**Records to use:**
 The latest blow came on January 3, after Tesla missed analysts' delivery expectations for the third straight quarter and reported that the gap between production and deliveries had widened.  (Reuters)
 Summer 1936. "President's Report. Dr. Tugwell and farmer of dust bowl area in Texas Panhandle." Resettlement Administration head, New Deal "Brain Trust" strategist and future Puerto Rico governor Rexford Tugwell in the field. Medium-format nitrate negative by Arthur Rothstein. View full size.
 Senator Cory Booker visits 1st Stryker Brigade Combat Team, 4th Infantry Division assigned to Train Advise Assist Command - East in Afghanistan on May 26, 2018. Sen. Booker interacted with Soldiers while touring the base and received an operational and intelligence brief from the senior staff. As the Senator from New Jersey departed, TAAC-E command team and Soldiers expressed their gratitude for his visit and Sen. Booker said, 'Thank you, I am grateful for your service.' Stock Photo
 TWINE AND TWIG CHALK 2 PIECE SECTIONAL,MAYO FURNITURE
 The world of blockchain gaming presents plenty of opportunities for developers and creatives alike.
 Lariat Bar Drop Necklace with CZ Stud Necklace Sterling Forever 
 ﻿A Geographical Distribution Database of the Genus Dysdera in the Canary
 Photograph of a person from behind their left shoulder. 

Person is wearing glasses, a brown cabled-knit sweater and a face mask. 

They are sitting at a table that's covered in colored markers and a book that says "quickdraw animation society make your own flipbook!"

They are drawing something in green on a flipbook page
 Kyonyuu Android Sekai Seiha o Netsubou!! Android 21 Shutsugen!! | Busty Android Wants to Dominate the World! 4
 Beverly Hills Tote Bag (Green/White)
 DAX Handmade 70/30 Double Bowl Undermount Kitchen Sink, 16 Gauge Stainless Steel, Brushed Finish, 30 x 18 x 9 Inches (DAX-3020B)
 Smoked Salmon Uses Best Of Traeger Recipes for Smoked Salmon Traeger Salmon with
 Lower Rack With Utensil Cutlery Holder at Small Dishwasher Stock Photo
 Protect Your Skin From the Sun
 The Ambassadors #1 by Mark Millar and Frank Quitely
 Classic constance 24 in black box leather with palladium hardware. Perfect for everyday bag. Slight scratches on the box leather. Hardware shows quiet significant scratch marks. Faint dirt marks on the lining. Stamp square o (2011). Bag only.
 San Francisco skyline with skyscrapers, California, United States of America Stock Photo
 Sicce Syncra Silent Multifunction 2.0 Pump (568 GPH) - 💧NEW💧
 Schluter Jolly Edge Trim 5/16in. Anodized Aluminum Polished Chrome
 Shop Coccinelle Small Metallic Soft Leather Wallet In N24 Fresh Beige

**How to complete this task:**
Please reproduce exactly the lines from the first one of the records above through the line containing "View full size.", both included, and nothing else.

**Output of the task:**
 The latest blow came on January 3, after Tesla missed analysts' delivery expectations for the third straight quarter and reported that the gap between production and deliveries had widened.  (Reuters)
 Summer 1936. "President's Report. Dr. Tugwell and farmer of dust bowl area in Texas Panhandle." Resettlement Administration head, New Deal "Brain Trust" strategist and future Puerto Rico governor Rexford Tugwell in the field. Medium-format nitrate negative by Arthur Rothstein. View full size.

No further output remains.